Current implementation status:

  • CostL2Mean and CostNormalMeanVar use compensated/Kahan prefix accumulation under ReproMode::Strict.

  • This is the deterministic-numerics path currently implemented in code for strict mode.

Tradeoff:

  • strict mode may run slower because deterministic compensated reductions are more expensive than non-compensated accumulation.

Balanced Mode (Default)#

balanced is the default (ExecutionContext and Python API defaults).

Contract:

  • On the same target triple, with the same effective config and execution settings, breakpoint sets are expected to be stable.

Current implementation status:

  • For current MVP-A offline detectors (pelt, binseg), code paths are deterministic and do not use RNG-based branching.

  • balanced and fast currently share the same numeric accumulation path in implemented cost models; they are separated as contract modes for future behavior/performance evolution.

Fast Mode#

fast is the throughput-oriented mode.

Contract:

  • Allows implementation strategies that can change floating-point operation ordering and hardware-specific numeric behavior while preserving practical segmentation quality.

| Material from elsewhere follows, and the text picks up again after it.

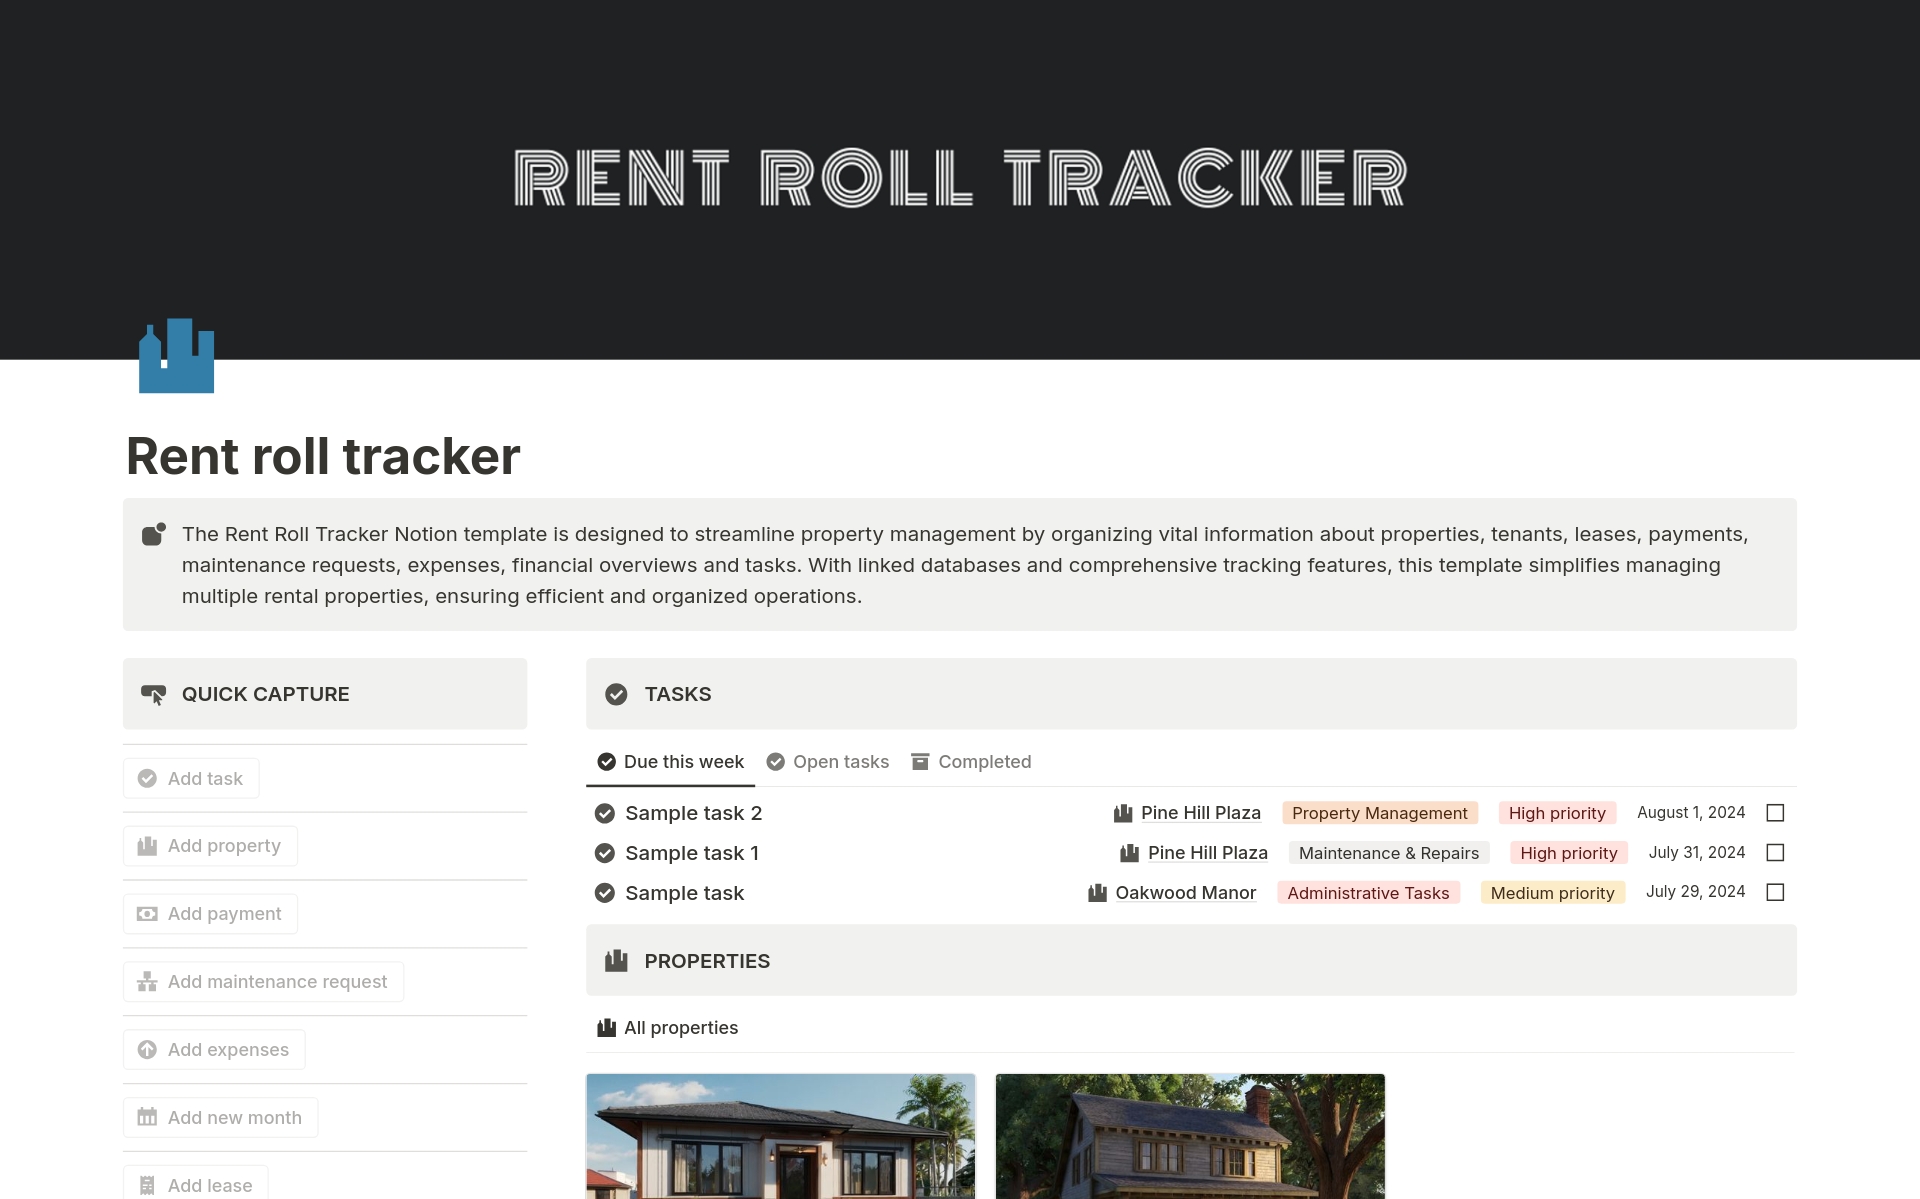 The Rent Roll Tracker Notion template is designed to streamline property management by organizing vital information about properties, tenants, leases, payments, maintenance requests, expenses, financial overviews and tasks.
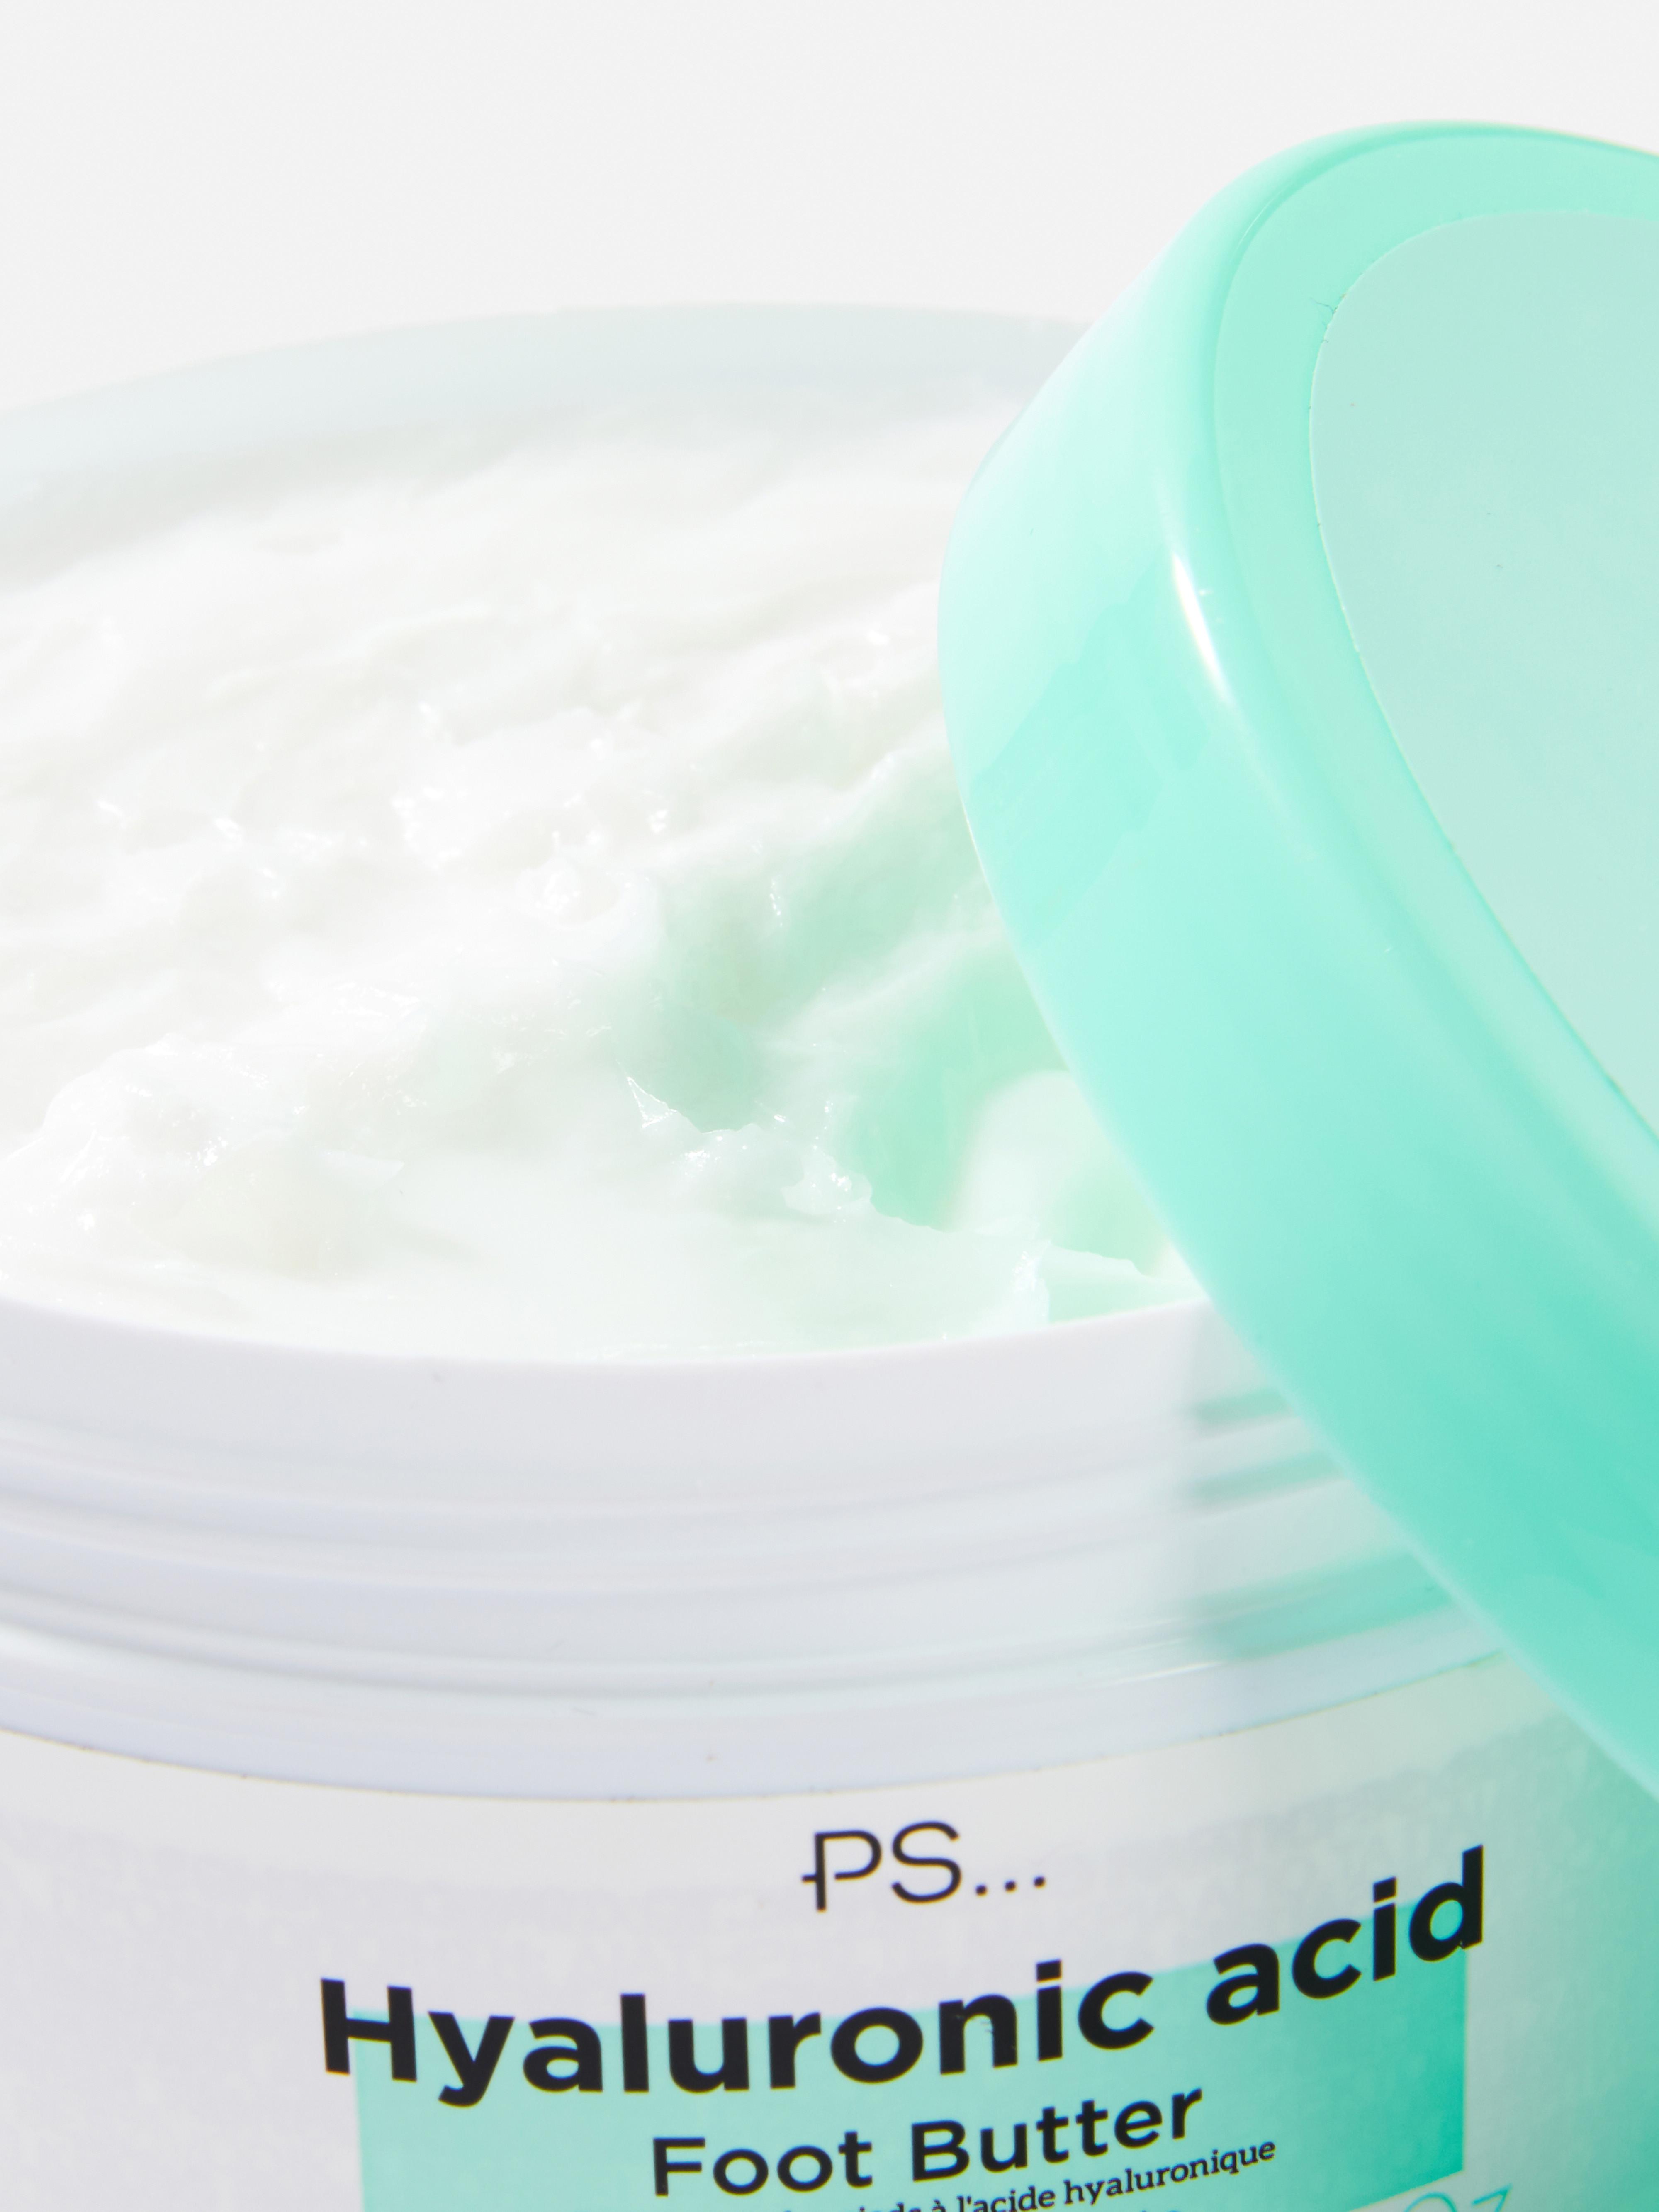 PS Hyaluronic Acid Foot Butter

Current implementation status:

  • fast is accepted and propagated in diagnostics and API surfaces.

  • In current MVP-A implementations, fast and balanced behave similarly in the core numeric path; future implementations may diverge to prioritize speed.

Per-Cost-Model Score Tolerances#

For exact-change-point matches in parity validation, score agreement currently uses this relative-error gate:

Cost model

Score tolerance (exact-change-point cases)

l2

<= 1e-6 relative error

normal

<= 1e-6 relative error

Breakpoint agreement is evaluated separately using tolerance-adjusted segmentation criteria:

  • default breakpoint tolerance: ±2 indices,

  • tolerant pass-rate thresholds:

    • pelt:l2 >= 0.95

    • binseg:l2 >= 0.90

    • pelt:normal >= 0.90

    • binseg:normal >= 0.90

These thresholds are used for cross-implementation/platform comparability instead of bitwise-equal floating-point scores.

Cross-Platform Reproducibility#

Bitwise-identical results across platforms are generally unrealistic due to:

  • floating-point instruction and rounding differences,

  • SIMD feature differences,

  • compiler/codegen differences,

  • math library/backend differences.

What is guaranteed instead:

  • contract-level comparability through breakpoint tolerance and segmentation agreement thresholds,

  • explicit diagnostics metadata to help explain environment-dependent drift.

Configuration Examples#

Python:

import cpd

result_strict = cpd.detect_offline(x, detector="pelt", cost="l2", repro_mode="strict")
result_balanced = cpd.detect_offline(x, detector="pelt", cost="l2", repro_mode="balanced")
result_fast = cpd.detect_offline(x, detector="pelt", cost="l2", repro_mode="fast")

Rust:

use cpd_core::{Constraints, ExecutionContext, ReproMode};

let constraints = Constraints::default();
let ctx_strict = ExecutionContext::new(&constraints).with_repro_mode(ReproMode::Strict);
let ctx_balanced = ExecutionContext::new(&constraints).with_repro_mode(ReproMode::Balanced);
let ctx_fast = ExecutionContext::new(&constraints).with_repro_mode(ReproMode::Fast);

FAQ#

Why did my results change when I upgraded?#

Check these first:

  • engine_version in diagnostics (runtime/library version changed),

  • repro_mode (mode changed from strict/balanced/fast),

  • algorithm/cost model combination (algorithm, cost_model),

  • target/platform/toolchain differences (for example ARM vs x86, compiler updates, BLAS/runtime differences).

Even with the same mode, upgrades can change low-level numerics or optimization paths. Compare breakpoints with tolerance-based criteria when evaluating cross-version drift.

Why do I get different scores on ARM vs x86?#

This is expected for floating-point-heavy workloads. ARM and x86 can differ in:

  • available SIMD instructions,

  • codegen decisions,

  • floating-point reduction ordering.

Treat cross-platform comparability primarily as a segmentation agreement problem using tolerance-adjusted breakpoint checks and documented parity thresholds, rather than exact score bitwise identity.